Department of Experimental Psychology, University of Oxford, Radcliffe Observatory Quarter, Woodstock Road, Oxford, UK.
Department of Experimental Psychology, University of Oxford, Radcliffe Observatory Quarter, Woodstock Road, Oxford, UK.
Trends Cogn Sci. 2019 Oct;23(10):836-850. doi: 10.1016/j.tics.2019.07.012. Epub 2019 Sep 4.
The computational framework of reinforcement learning (RL) has allowed us to both understand biological brains and build successful artificial agents. However, in this opinion, we highlight open challenges for RL as a model of animal behaviour in natural environments. We ask how the external reward function is designed for biological systems, and how we can account for the context sensitivity of valuation.

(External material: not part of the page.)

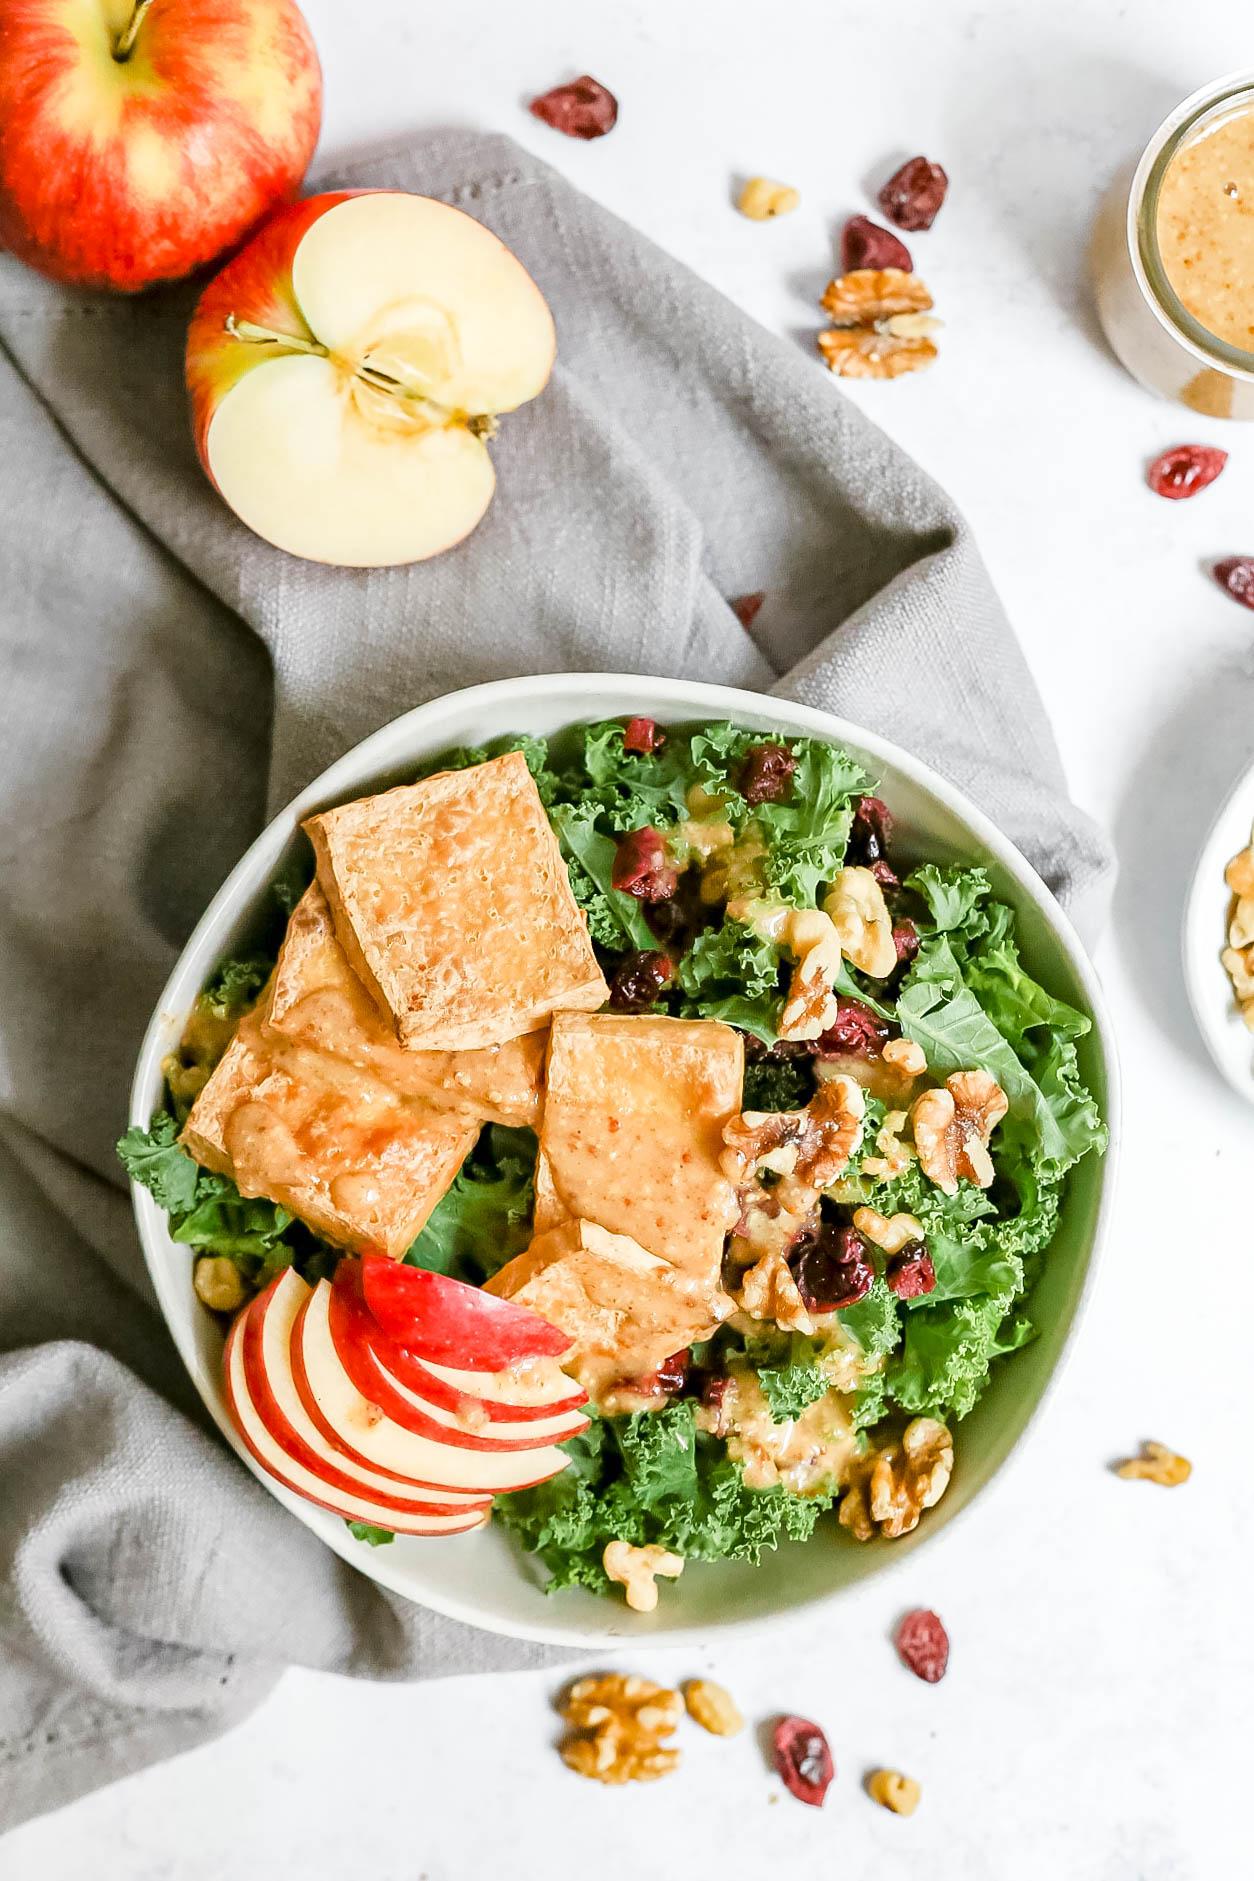 Apple Tofu Kale Salad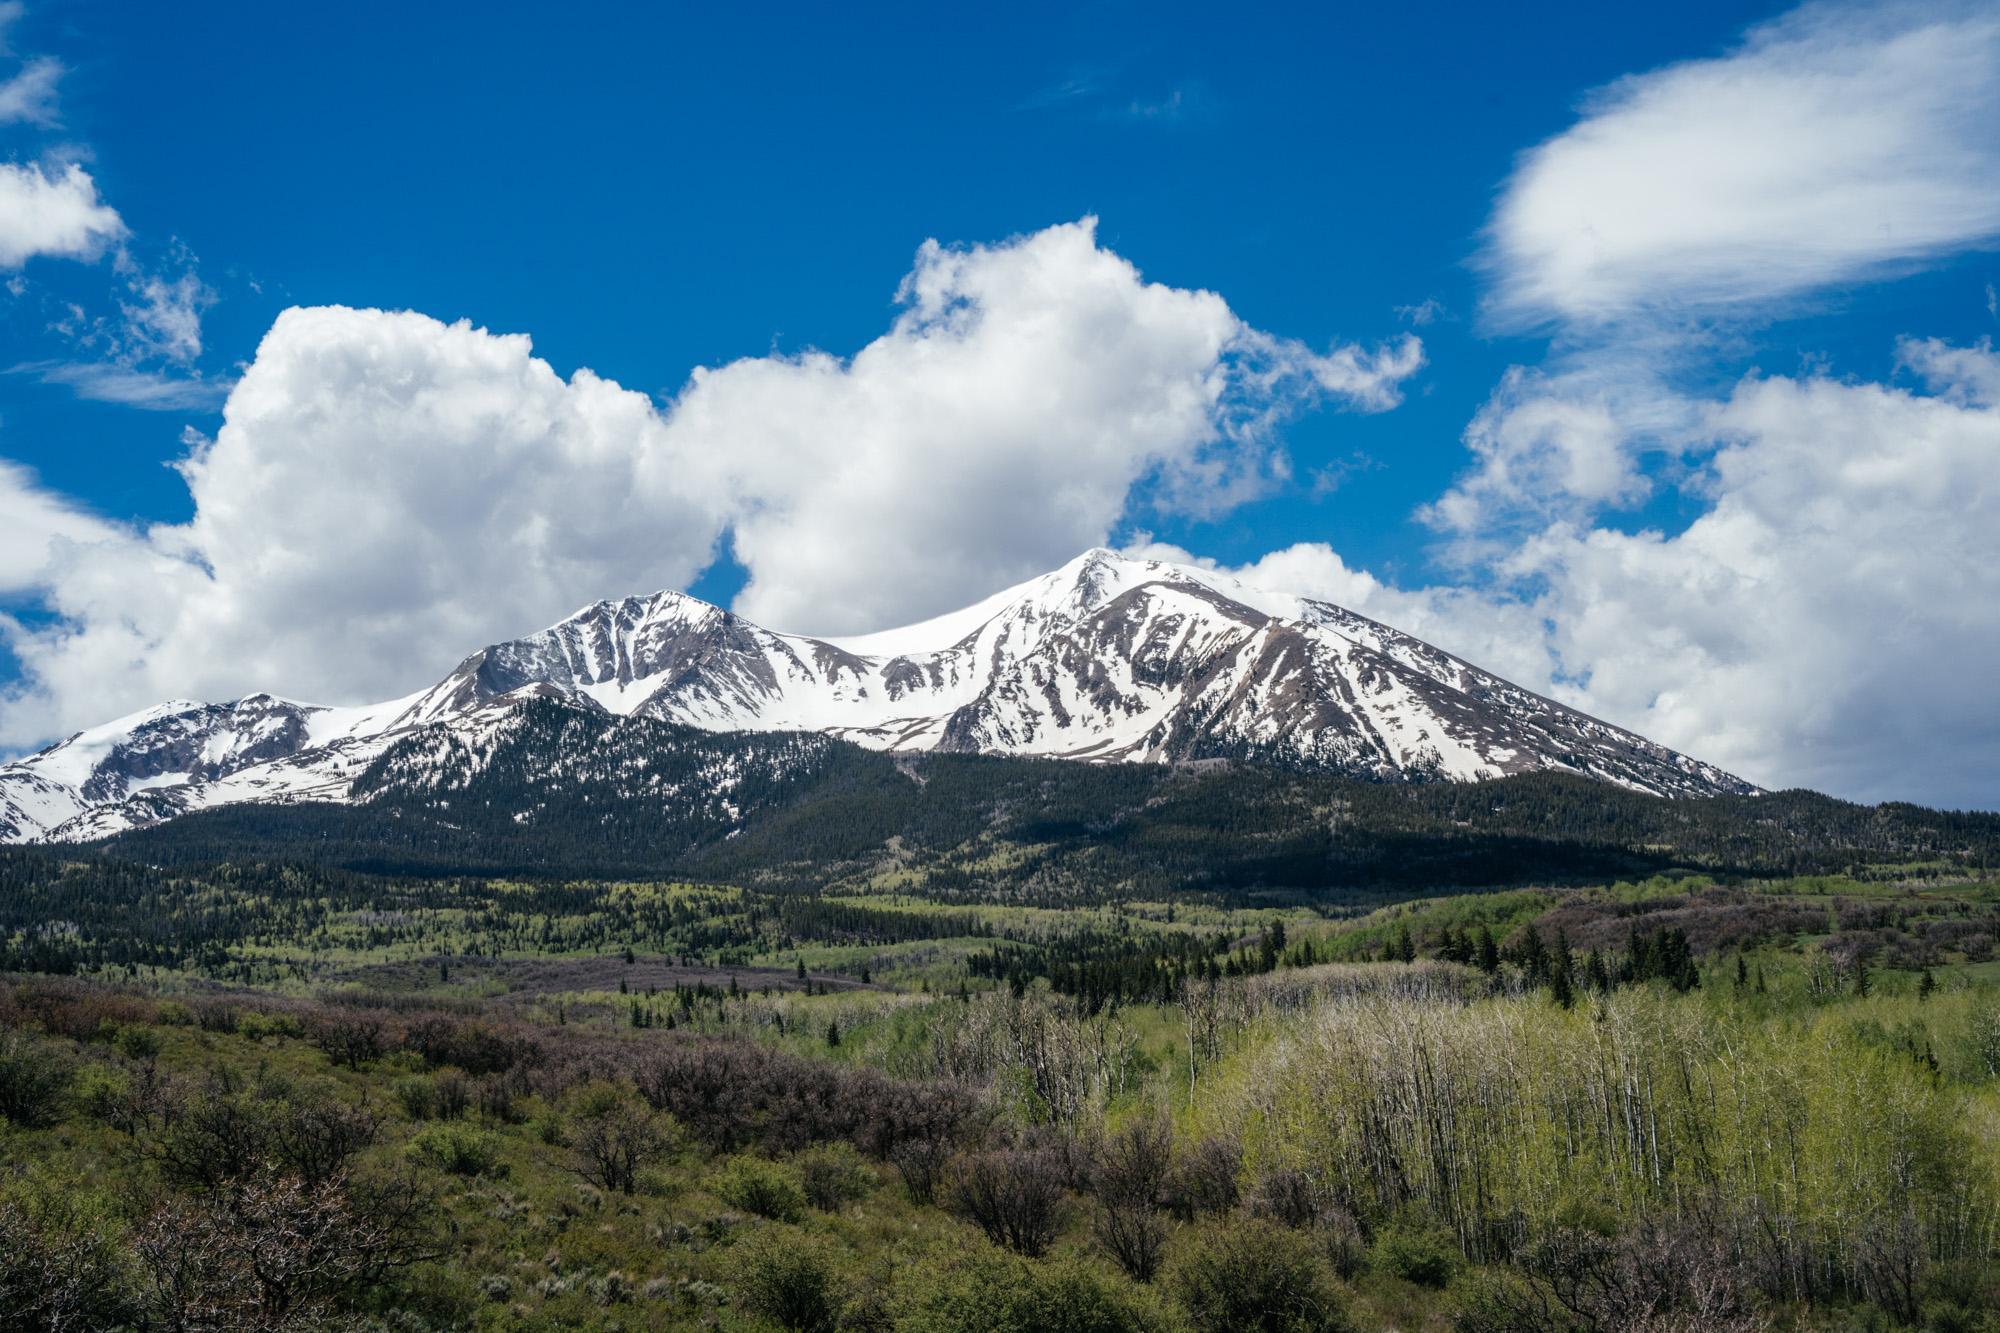 Sopris Peak

We summarise both old and new theories proposing that animals track current and desired internal states and seek to minimise the distance to a goal across multiple value dimensions. We suggest that this framework readily accounts for canonical phenomena observed in the fields of psychology, behavioural ecology, and economics, and recent findings from brain-imaging studies of value-guided decision-making.
强化学习(RL)的计算框架使我们既能理解生物大脑,又能构建成功的人工智能。然而,在这篇观点文章中,我们强调了 RL 作为自然环境中动物行为模型的一些开放性挑战。我们提出了如何为生物系统设计外部奖励函数,以及如何解释估值的上下文敏感性。我们总结了一些旧的和新的理论,这些理论提出动物会跟踪当前和期望的内部状态,并试图在多个价值维度上最小化到目标的距离。我们认为,这个框架可以很好地解释心理学、行为生态学和经济学领域以及最近的价值导向决策的大脑成像研究中的典型现象。